On the 2016 annual budget, some of the things for which the Fort Lauderdale Police were allocated funds include eight new motorcycles, two more police horses, two barn aides, four new boat engines for marine patrols, ten new sets of dive gear, and $72,000 for a new performance analyst position. The budget says the department lost nine officers but would add seven new ones.
The money, though, for the ammo would come from the police confiscation fund, a pool of assets confiscated by police that is estimated to be $1.2 million this year. The ammo would be bought at Lawmen Shooter’s Supply and Florida Bullet Inc.
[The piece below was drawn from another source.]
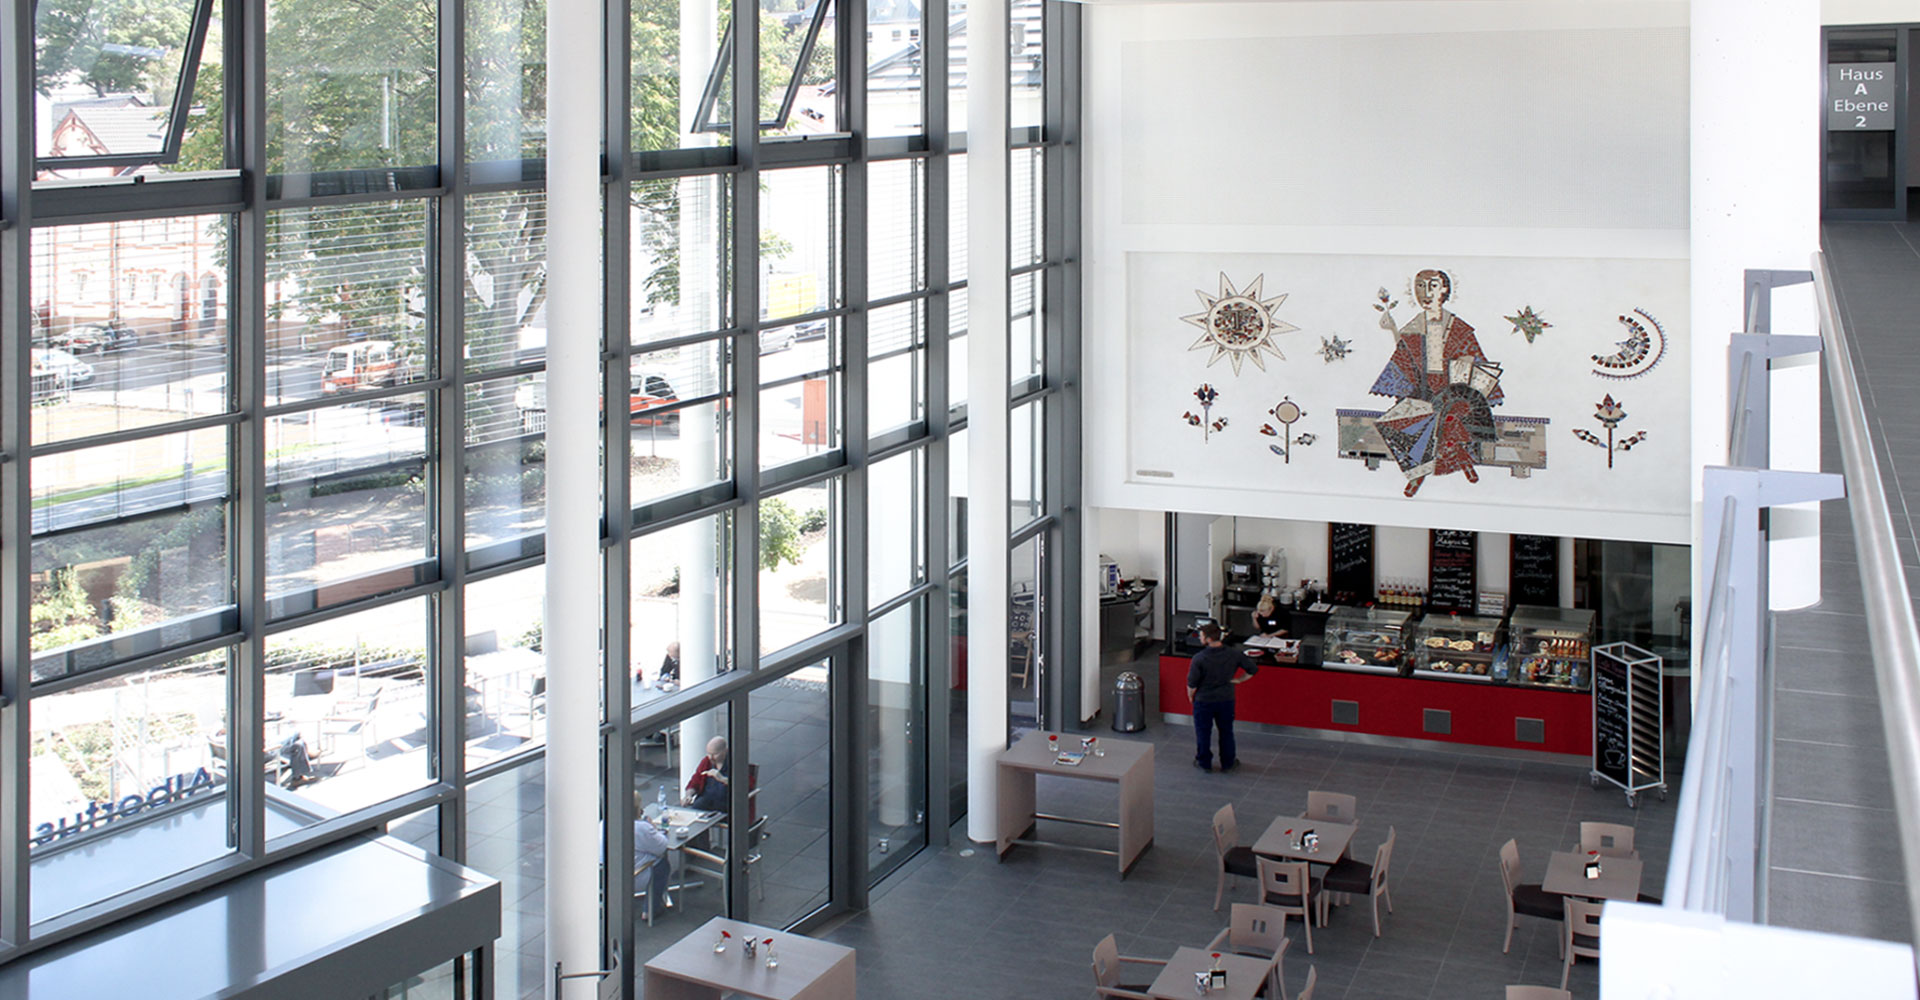 Blick in das Foyer, Ambulantes Zentrum Albertus Magnus Siegen, mga consult Rheinbreitbach, Konzeption und Planung

According to the memo, the ammo purchase would support the city’s overall goal of becoming the “safest urban coastal city in South Florida” and to be a “well-trained, innovative, neighborhood-centric workforce that builds community.”
Fort Lauderdale Police did not respond immediately for comment. We’ll update this post if we hear back.
Mayor Jack Seiler assures New Times that commissioners will carefully debate the funds, keeping in mind public safety and the importance of equipping officers with necessary resources.
"We will analyze the reasonableness and the necessity of these additional weapons, ammunition, and related equipment before we approve," Seiler says. "Since public safety is the number-one duty of government, we need our law enforcement officers to have the necessary resources to complete their duties and fulfill their missions."